不晓得是为什么,她总感觉不祥,总隐约感受到某个角落里有着危险因素的存在,兴许是在大火里逃生后遗留下来的后遗症,让她有点神经质,紧张得过度了。
又或者,是真的有什么对她不利的东西存在着,让她不得不时刻警惕地提防着每一样周边有关自己的东西。
“不苦的,奴婢帮姑娘您偷偷下了点糖呢。”尔喜窃窃的偷笑着,对自己的举动好不欢心。“而且,奴婢还帮您带了点陈皮过来呢,可以含在嘴里,去去那个苦味,你不一直都习惯的么?”
“什么?!”上官馨愕然了,对尔喜的话,“你不一直都习惯的么?!”
这句话让她彻底呆愣了,尔喜怎么知道自己一直都习惯着喝药的时候用陈皮,不然,她怎么会说出这么句话来。更何况,除了自己的亲人,轩辕祁,和自己五年来一直一起的果儿外,就再也没什么人知道她有这个习惯的啊!
“啊?|什么了?”尔喜还没反应过来自己哪里说得不对了。“姑娘这是怎么了?有问题吗?”
“你……你怎么知道我有这个习惯?你究竟是谁!”上官馨绑着整张脸,冷冷的问着。她对尔喜的质疑,在加深。
闻言,尔喜先是呆愣了一下,又马上回过神来,“什么?!”
“你究竟是谁?除非是果儿,轩辕祁,家人,才会晓得我有这种习惯。而你不过是我在这里偶然认识的一个宫女,你不可能知道这个。”上官馨有条有理的分析着,质问的看向尔喜的脸,想要在那上面搜索到点什么蛛丝马迹。

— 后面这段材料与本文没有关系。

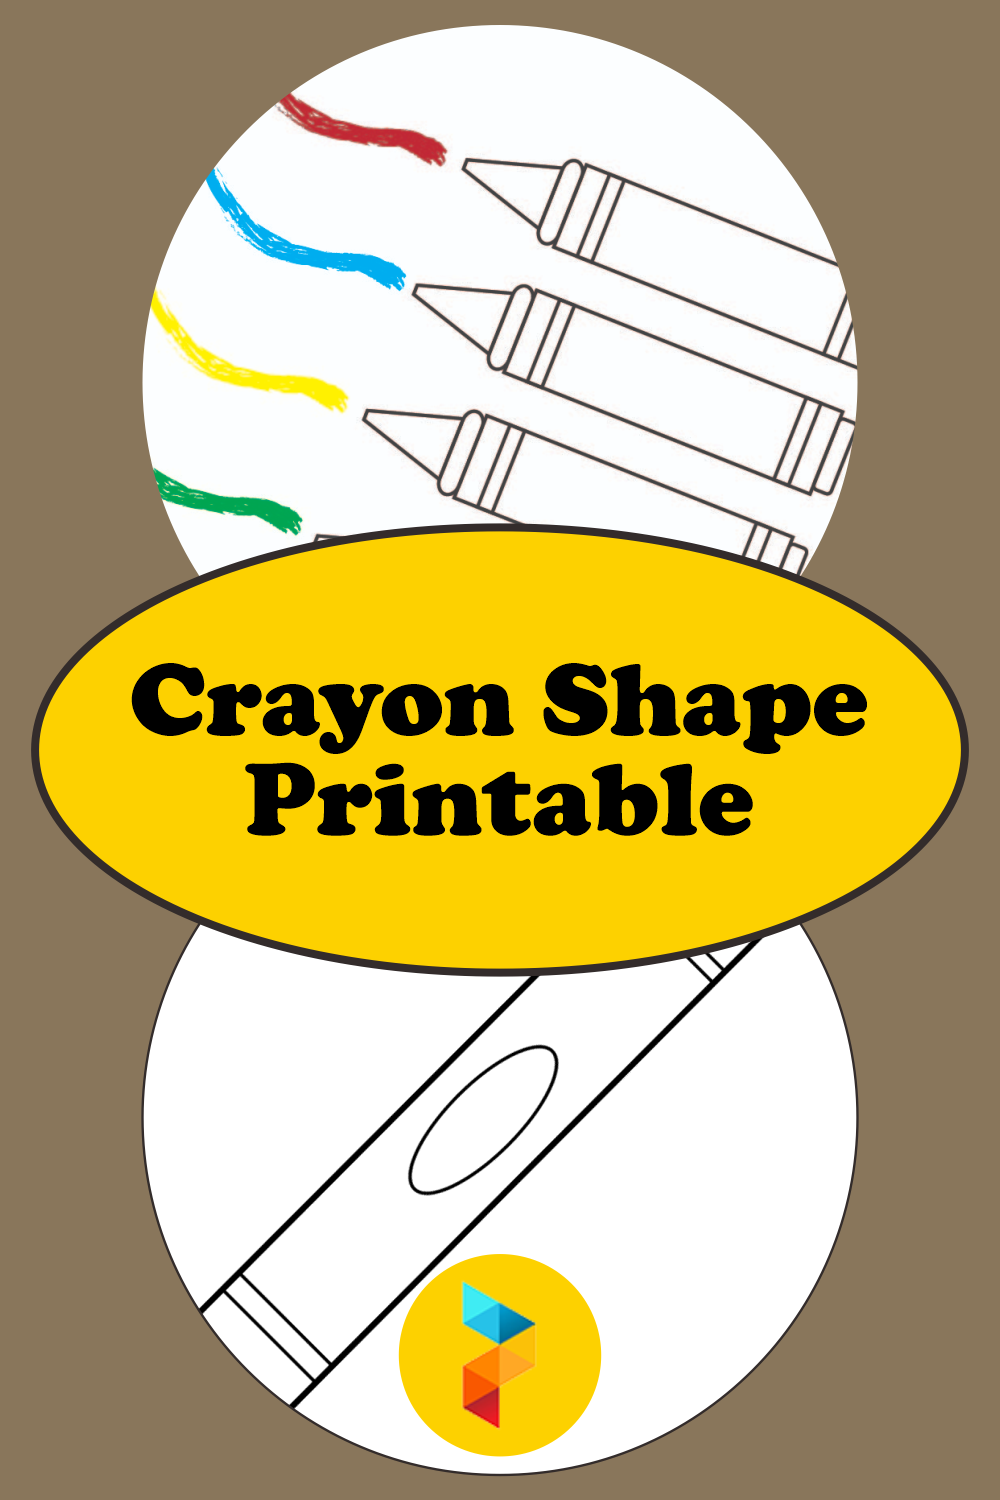 Crayon Shape Printable
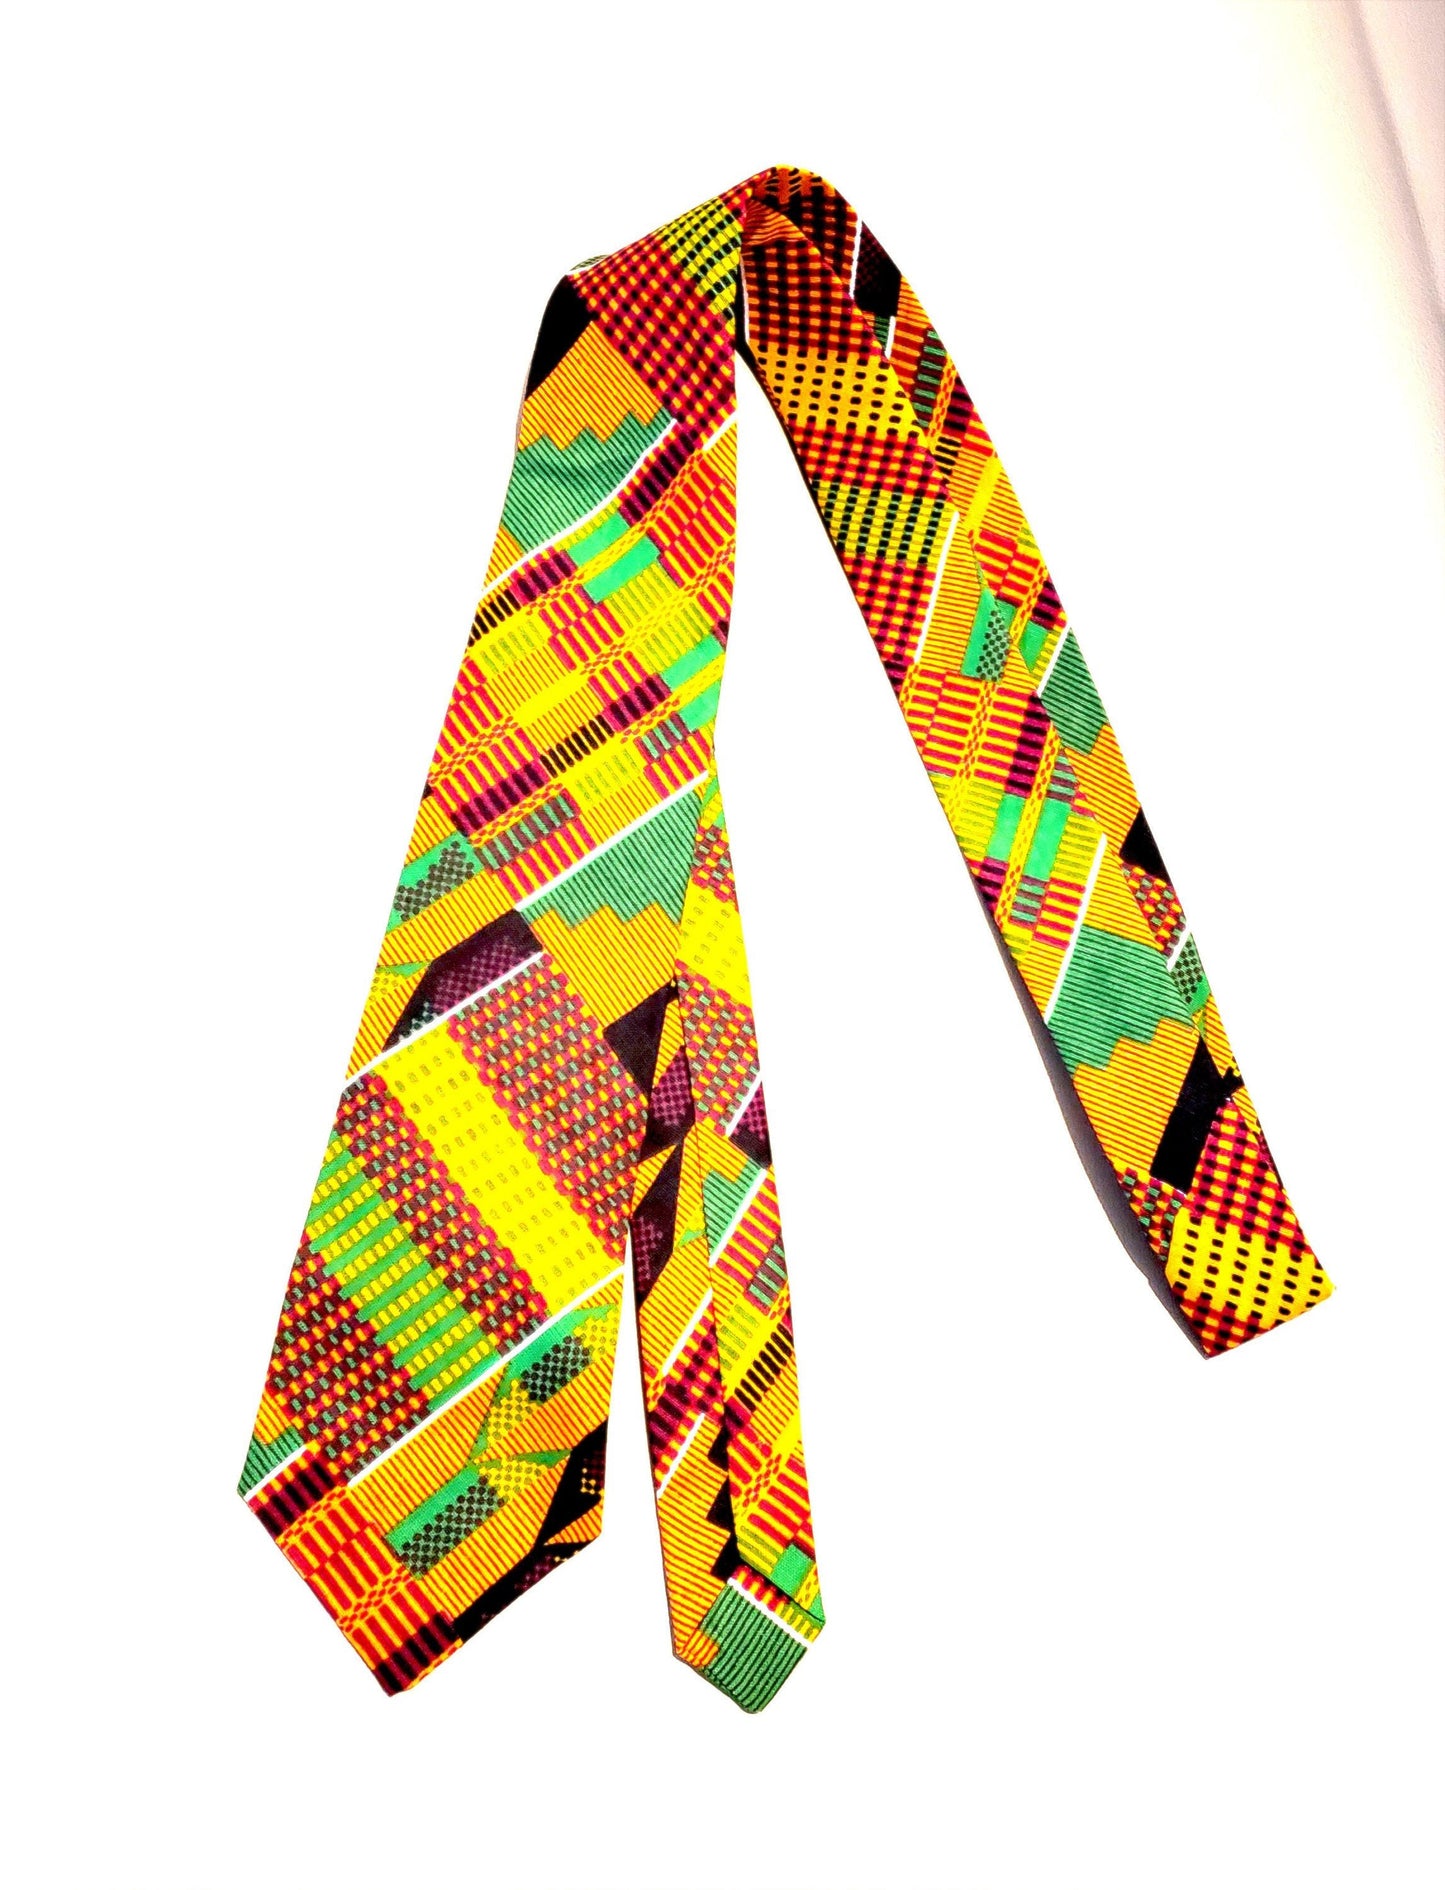 Tie and bow ties kente african Print

可终究,尔喜仅是淡然一笑,直视她的眼,“姑娘您多心了,奴婢不过是因为在早前侍候惯了其他主子,突然之间被宫里头安排来照顾您,再加上,前主子因为她也有这个习惯,奴婢一时没缓冲过来,所以才会那样子说。希望姑娘您……”说着,她笑得更深了。
“真的是这样么?”上官馨见她无害又不似骗人的样子,心里也不踏实了。真的是她自己搞错了吗?还是说尔喜在撒谎?
面对着上官馨不确定又怀疑的样子,尔喜更意味深长了,“姑娘不信的话,可以问问其他宫女啊,她们都知道的。”顿了顿,她又感叹道,“想不到啊,世事总是那么巧,竟然姑娘也会跟前主子一样,有这个习惯,您说,奴婢是不是赚到了呢?”
“厄……”上官馨有点尴尬了,对自己刚刚鲁莽的冲动的质问,她有点说不过去。“或者,是吧。”
听出上官馨的敷衍回答,尔喜淡然一笑,举高了手里的碗。“姑娘快点吃药哝,不然待会凉了可就不好了呢!”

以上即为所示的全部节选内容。